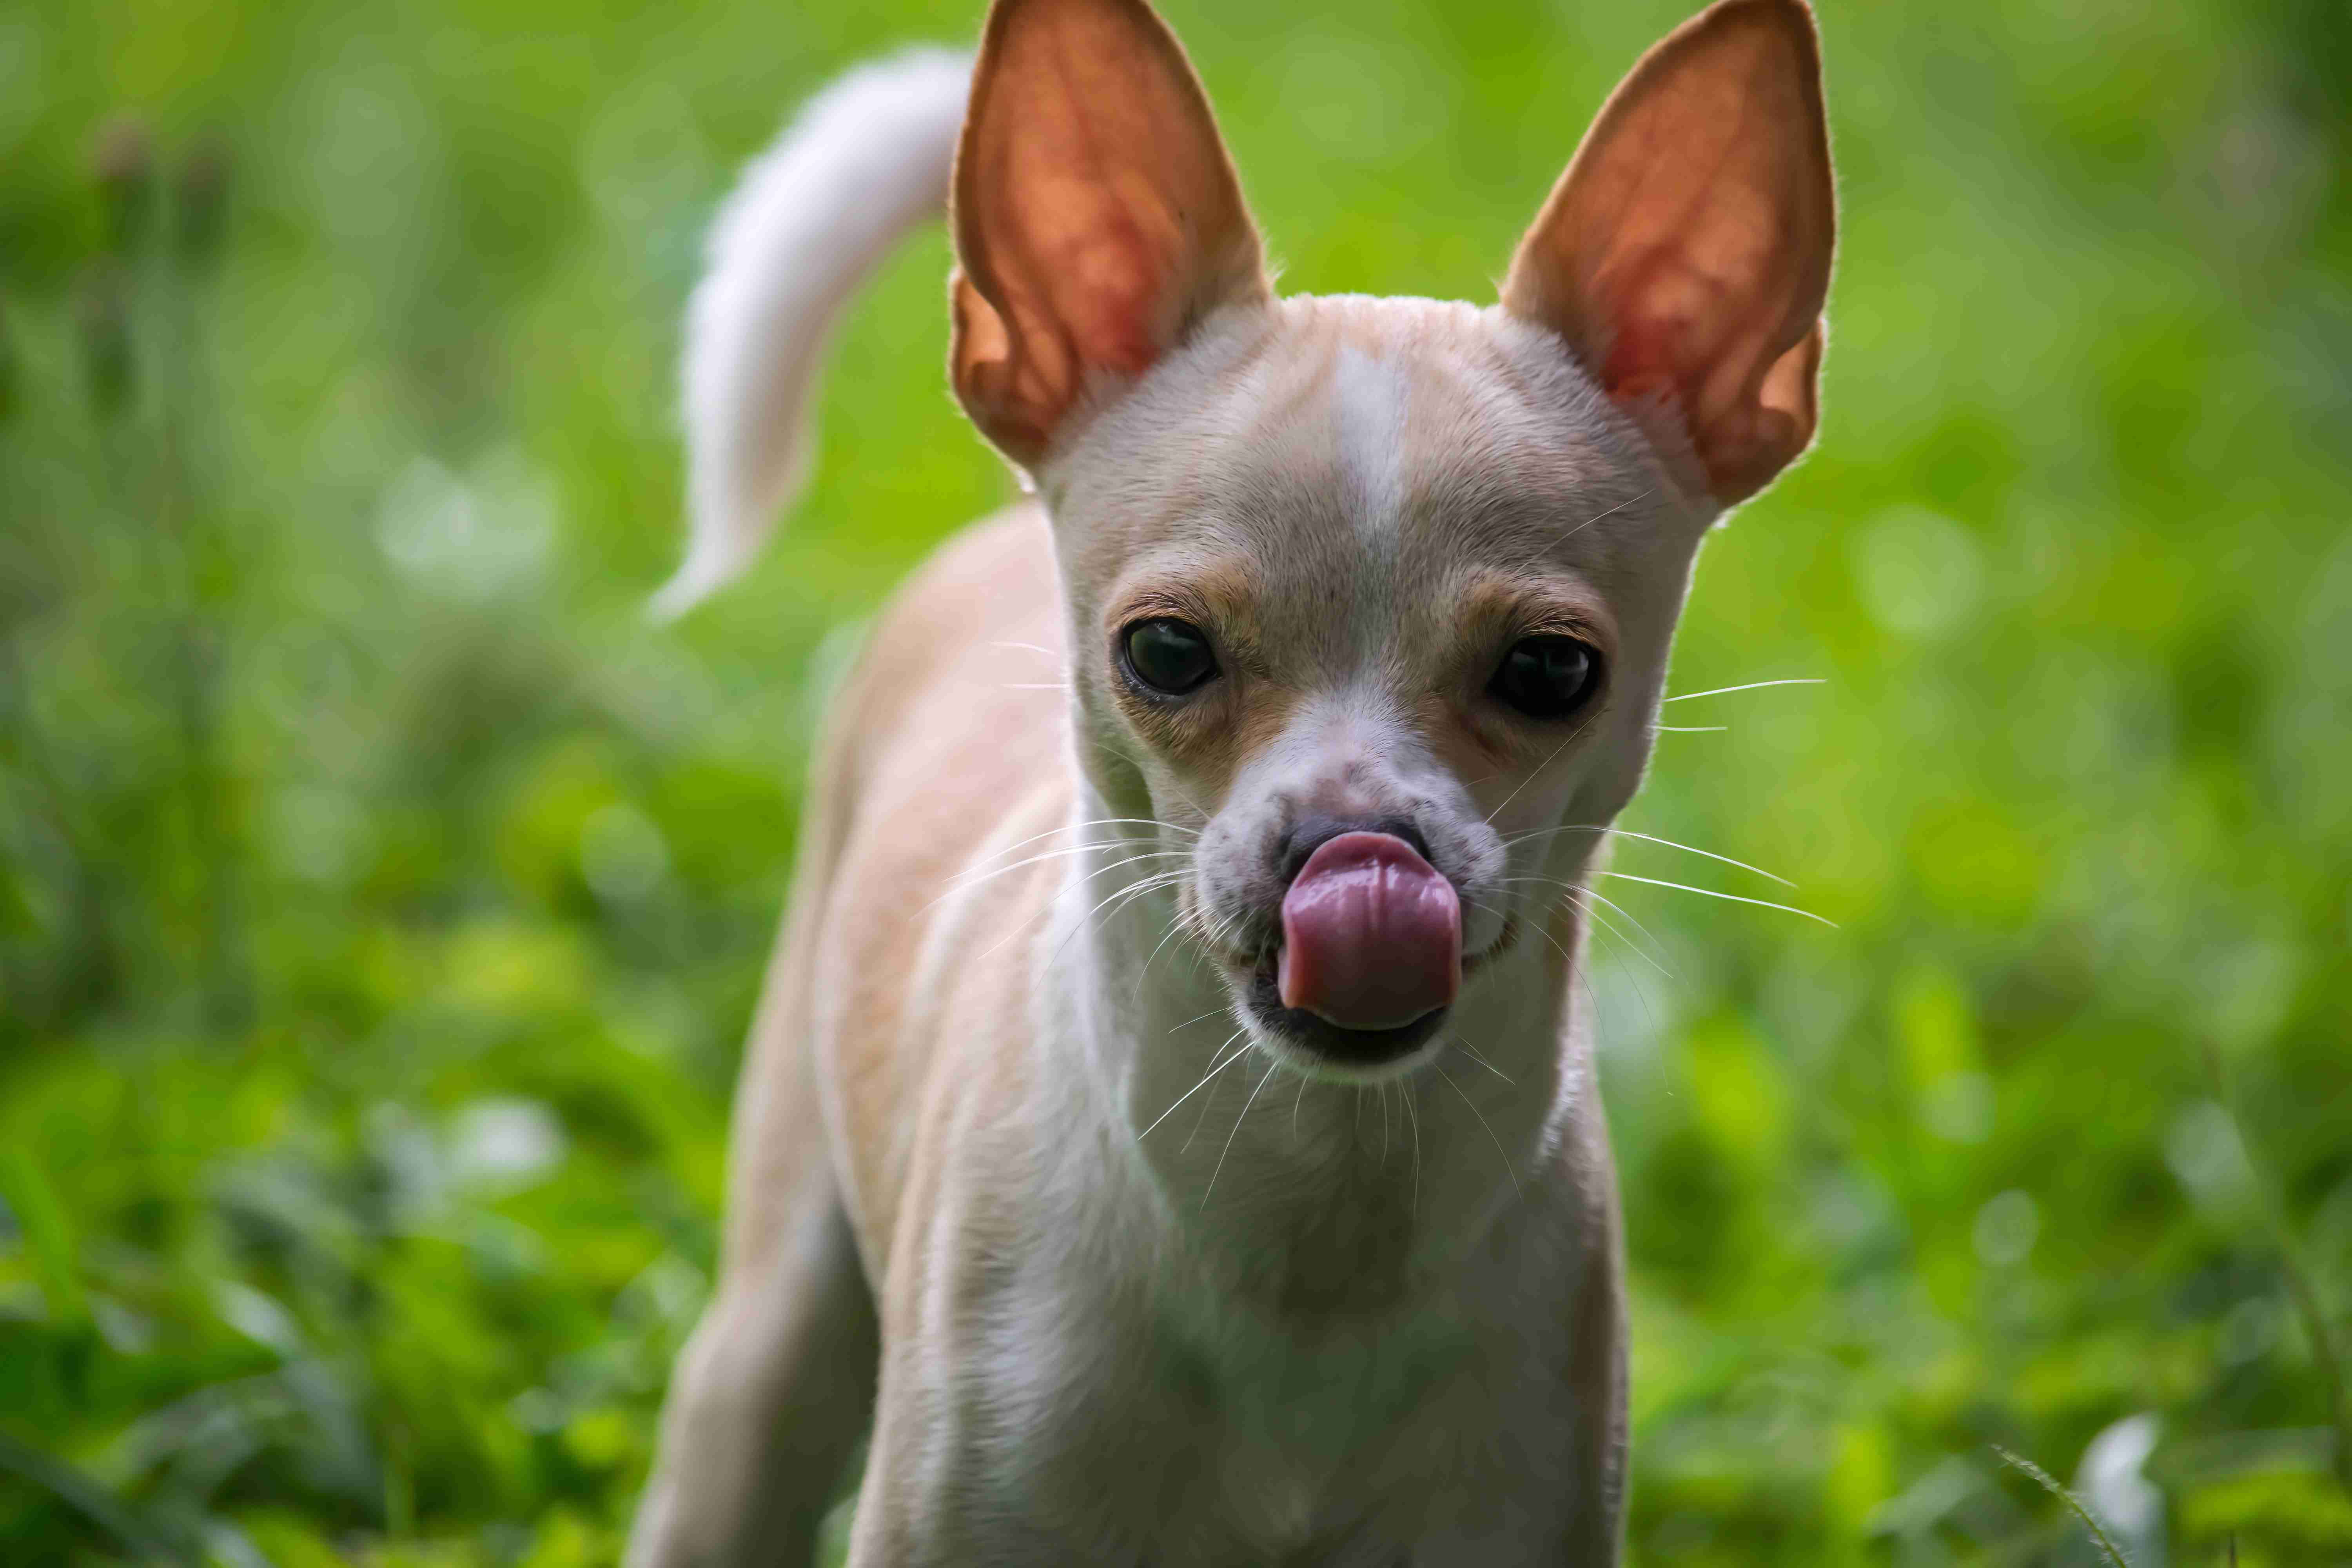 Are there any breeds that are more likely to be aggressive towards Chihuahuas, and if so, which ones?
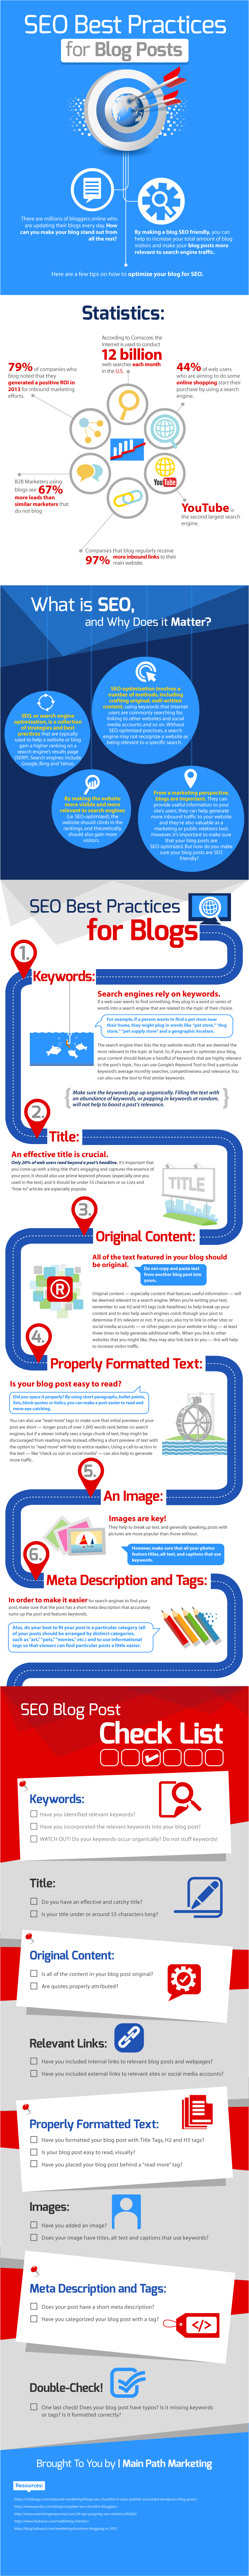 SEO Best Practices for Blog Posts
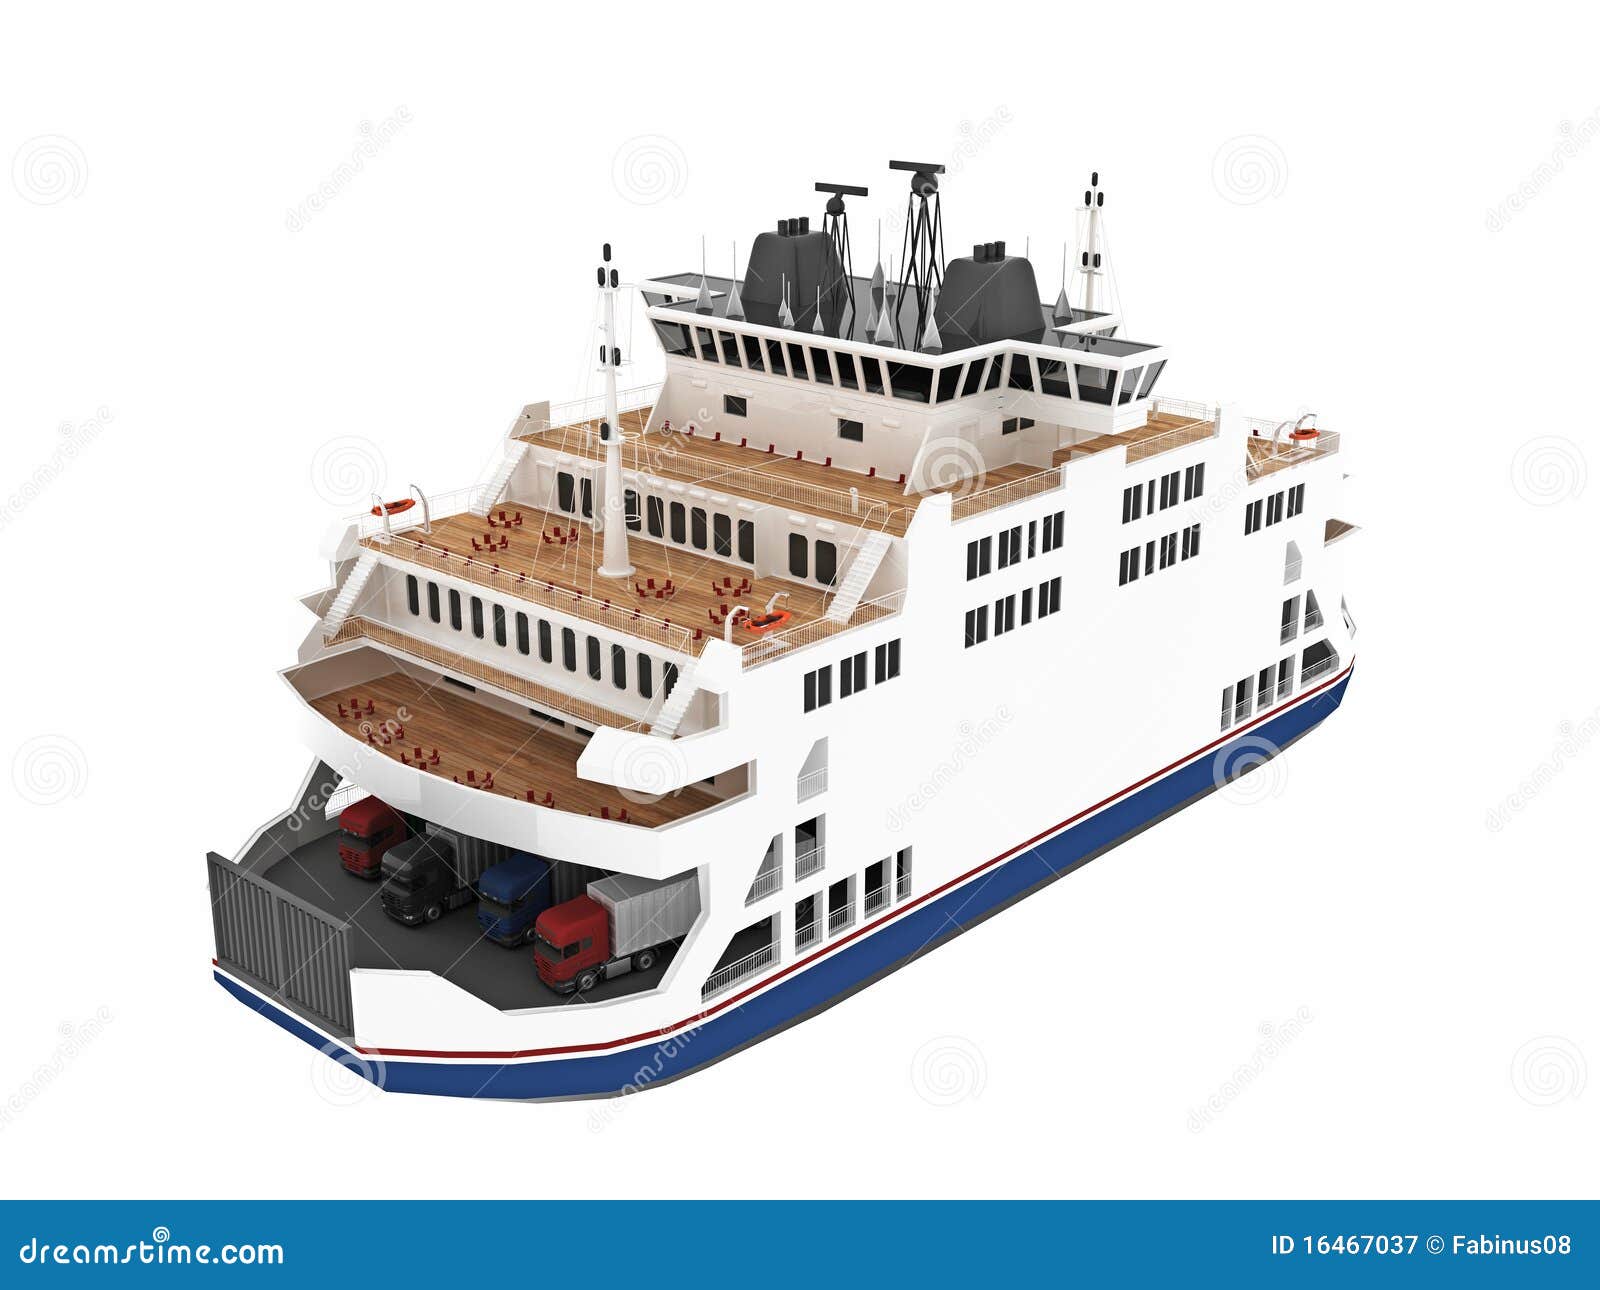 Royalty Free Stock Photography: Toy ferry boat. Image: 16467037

→ What to do
Going from the line that holds "SEO Best Practices for Blog Posts" to the end of the listing above, copy each line exactly and nothing more, leaving pictures aside.

→ Result of this task
 SEO Best Practices for Blog Posts
 Royalty Free Stock Photography: Toy ferry boat. Image: 16467037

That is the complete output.